BLUF (Bottom Line Up Front)
A YouTuber with a camera exposed what Minnesota officials ignored for years. Nick Shirley's viral video showed licensed daycare centers receiving millions in taxpayer funds appearing empty. Within days, federal agencies publicly signaled stepped-up investigations. The video didn't discover fraud; it exposed a system that refused to look for it.
A Content Creator Did What the State Wouldn't
In December 2024, YouTuber Nick Shirley grabbed a camera and visited daycares receiving government funding. His findings should concern all taxpayers:
- Future Leaders Early Learning Center: Licensed for 90 children, received $6.67 million over two years. Completely empty when visited.
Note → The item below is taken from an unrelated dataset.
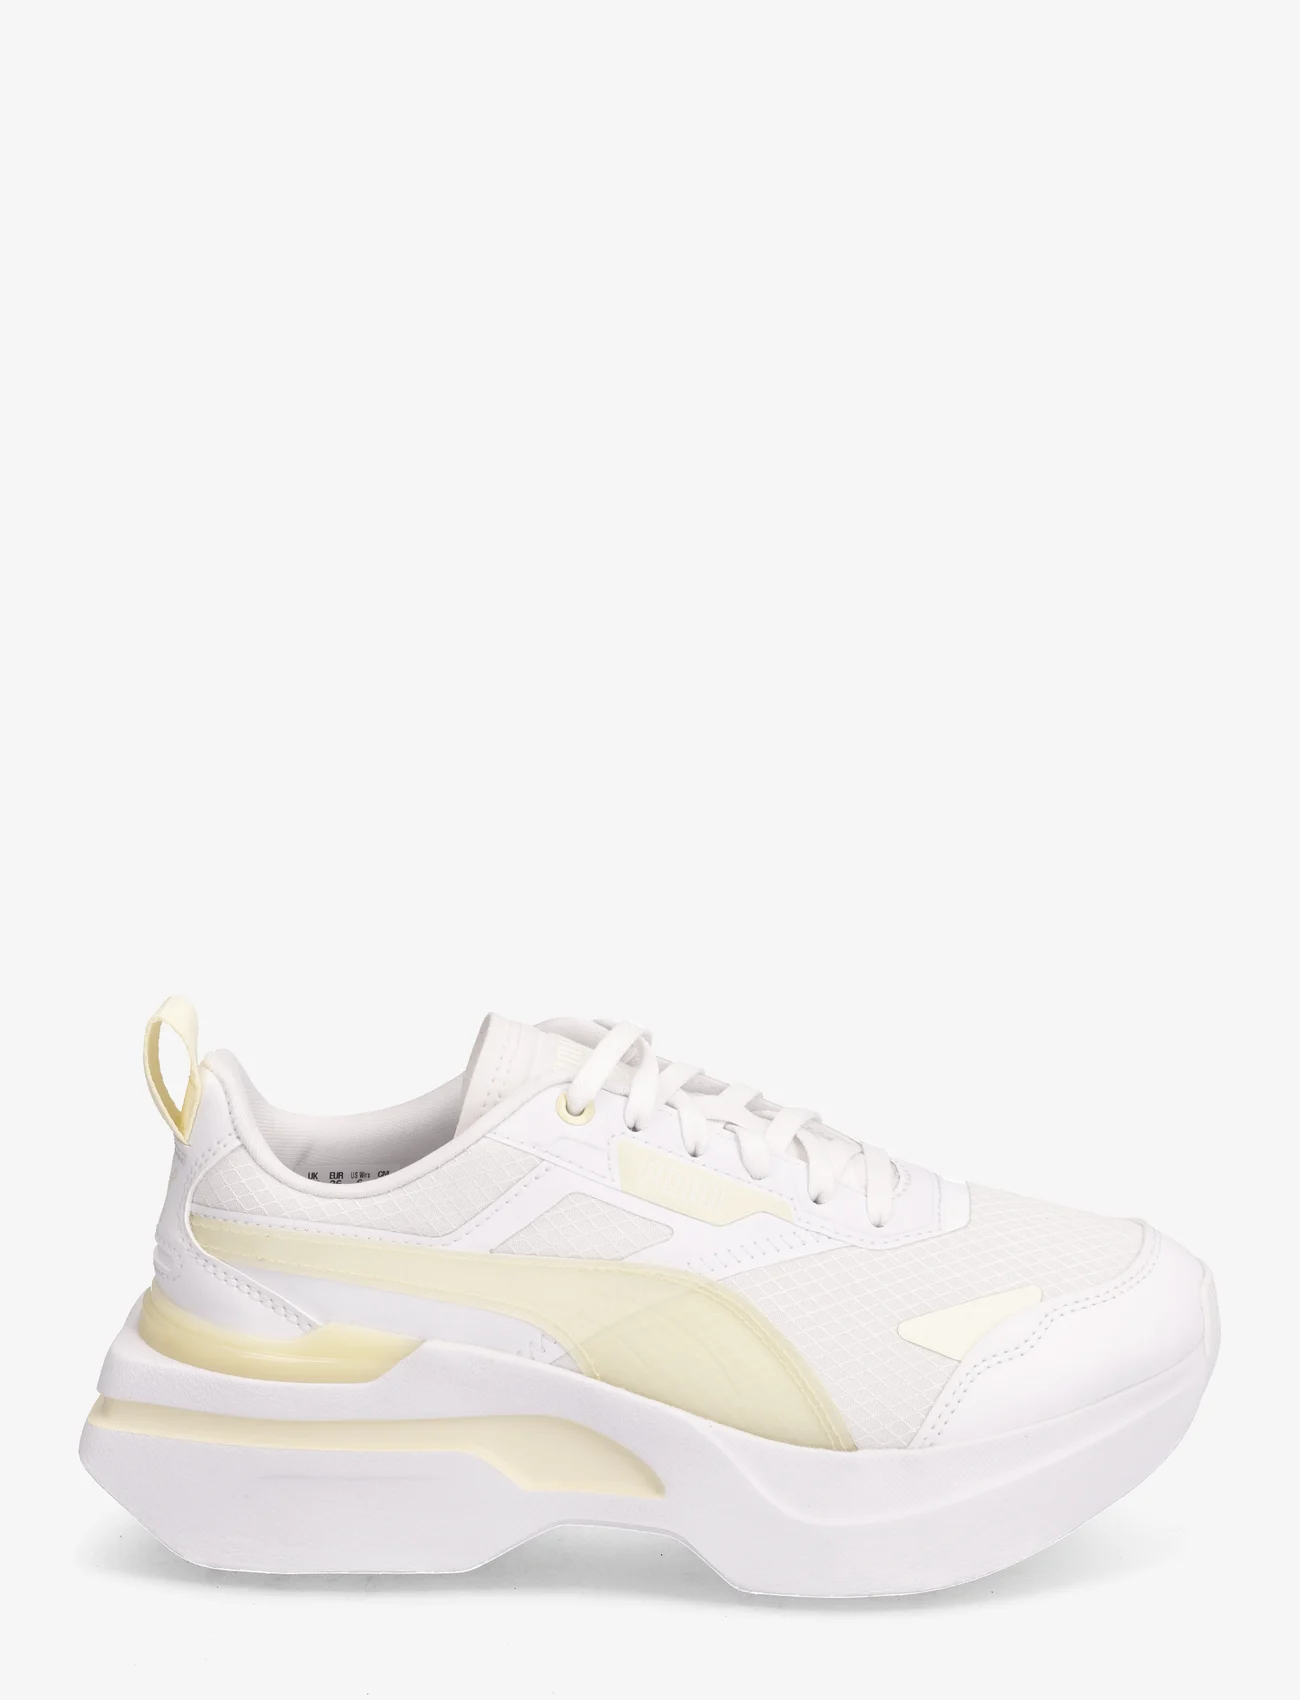 PUMA - Kosmo Rider Tech Wns - sneakers med lavt skaft - puma white-anise flower - 1

- Mako and Mini Child Care centers: Licensed for 120 children combined, pulled in $4.6 million over three years. Abandoned.
The video reached 100 million views. VP JD Vance and Elon Musk amplified it. Subsequently, federal agencies flooded Minneapolis.
Federal Response
- Homeland Security indicated active investigators in Minneapolis
- FBI Director Kash Patel called it "the tip of a very large iceberg"
- SBA paused certain funding and scrutinized approximately $400M+ in questioned loans tied to suspected PPP/EIDL fraud
But Wait, The Government Already Knew
Minnesota's Department of Children, Youth, and Families claims these locations "had been inspected within the past 6 months."
Key problems:
- State inspectors allegedly visited clearly empty and abandoned facilities
- Mako Child Care had been "officially closed since 2022" but appeared in state records
- Quality Learning Center's last inspection found 10+ violations including unsafe cribs and poor supervision, yet its license remains active through year-end
"State child care auditors refer an average of 5 cases per year to law enforcement. Five."
This occurs despite billions in claims across thousands of licensed facilities.
House Speaker Lisa Demuth noted that "no one's lost their job...no one has been publicly disciplined in any way."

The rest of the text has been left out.